The system also overcomes the spatial and economic constraints of conventional setups by leveraging the robot's flexible mobility. While traditional large-scale electromagnetic wave testing facilities required vast space and enormous construction costs, the KRISS system adopts an approach where the robot moves precisely around the target to scan, enabling high-precision tests to be performed repeatedly in confined spaces at low cost.
These advantages hold particular significance for weapons system evaluation in the defense sector. When assessing electromagnetic wave scattering characteristics using scaled-down models during weapons system development, minute shape and position errors have a substantial impact on results when extrapolated to full scale. KRISS's ultra-precision control technology can minimize errors in electromagnetic wave measurements on scaled-down models, raising the completeness of defense technologies.

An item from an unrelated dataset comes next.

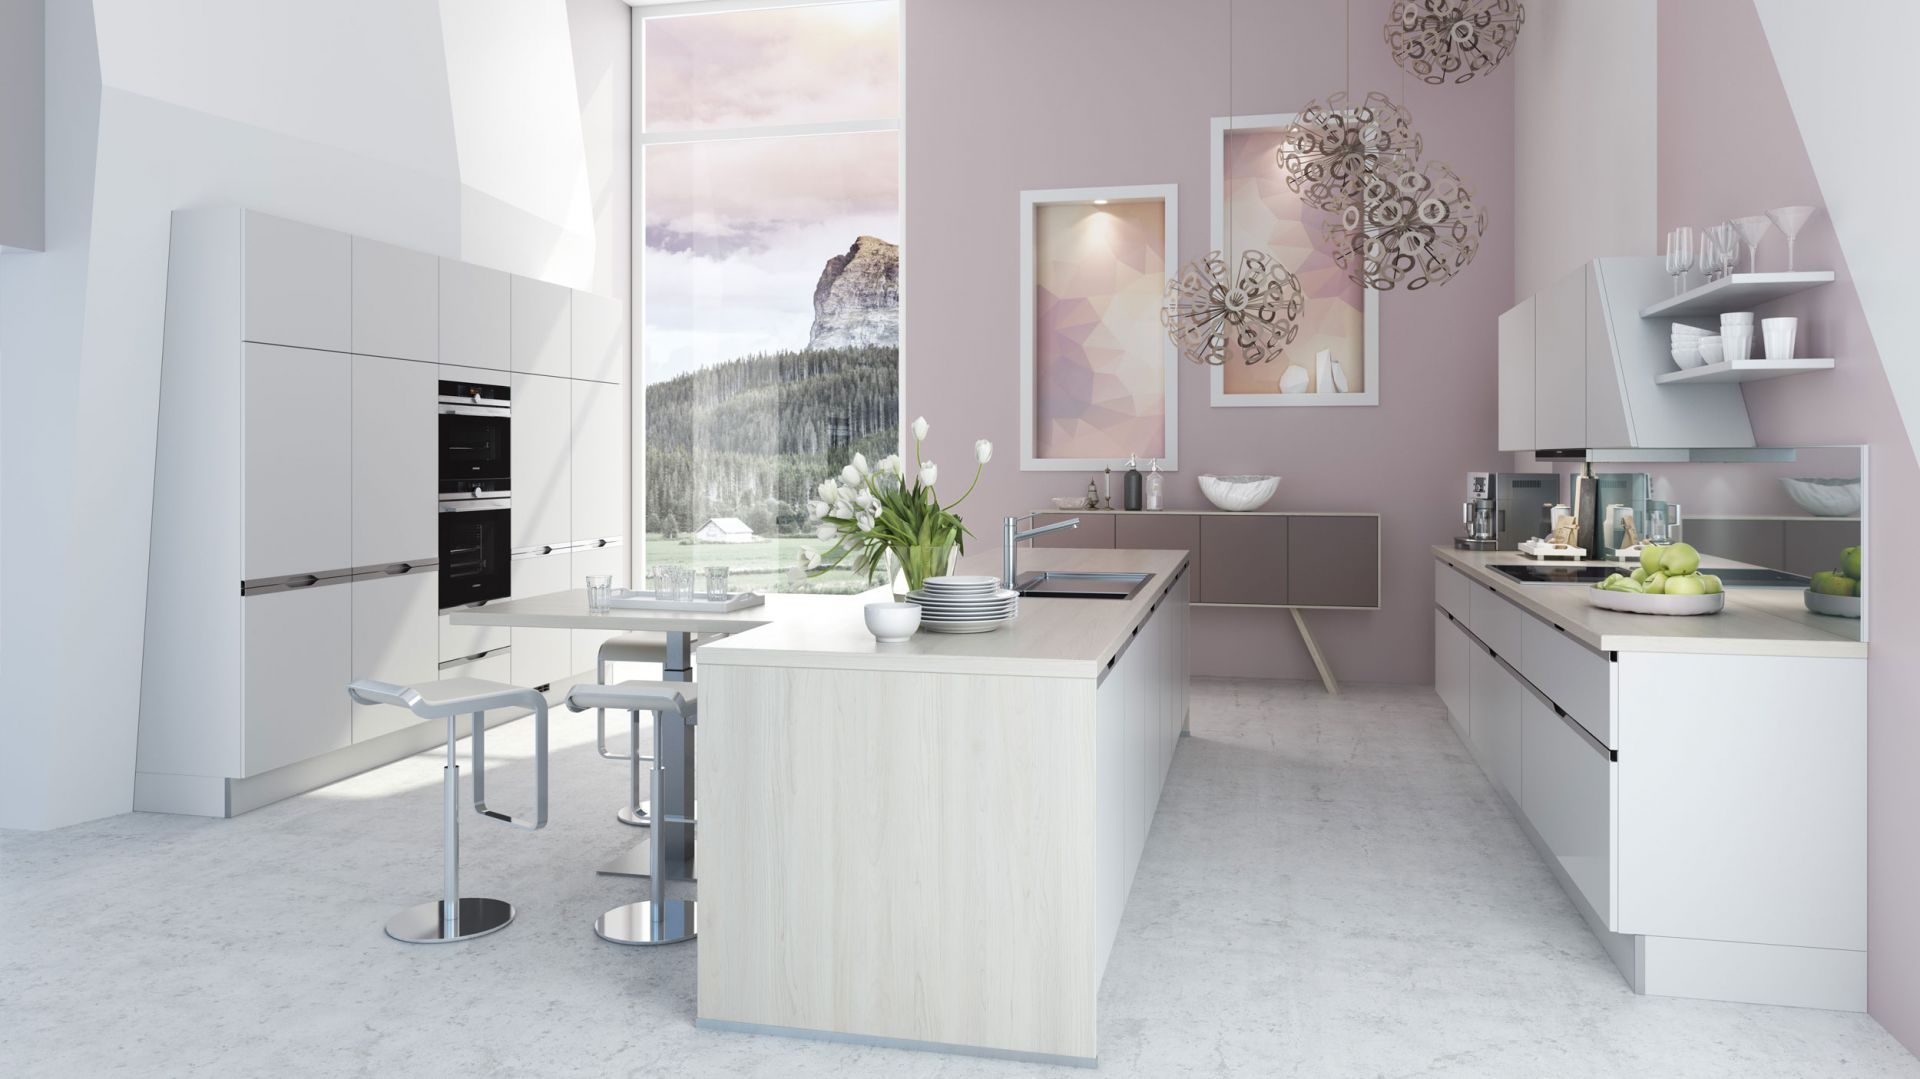 Kuchnia w pastelach. 3 piękne aranżacje. Fot. Brigitte Kuchen

Because the system design and control software were built entirely with proprietary technology, it is possible to apply optimized control, monitoring software, and measurement configurations for various industrial measurement targets. The system can be flexibly adapted to match the characteristics of measurement subjects ranging from complex-shaped aircraft radar to phased-array antenna modules and semiconductor antennas requiring ultra-precision control.
"This achievement is an electromagnetic wave measurement system that overcomes the limitations of conventional fixed measurement methods by combining the flexible mobility of robots with the precision control technology independently built by KRISS," said Kwon Jae-yong, a principal researcher in the KRISS Electromagnetic Wave Measurement Group. "Going forward, we will incorporate AI to further advance electromagnetic wave measurement technology in national strategic technology areas including defense, semiconductors, and next-generation communications."
The research results were published in the international journal *Composites Communications* and received the Best Antenna Measurement Paper Award at ISAP 2024, one of the most prestigious international conferences in the electromagnetic wave field.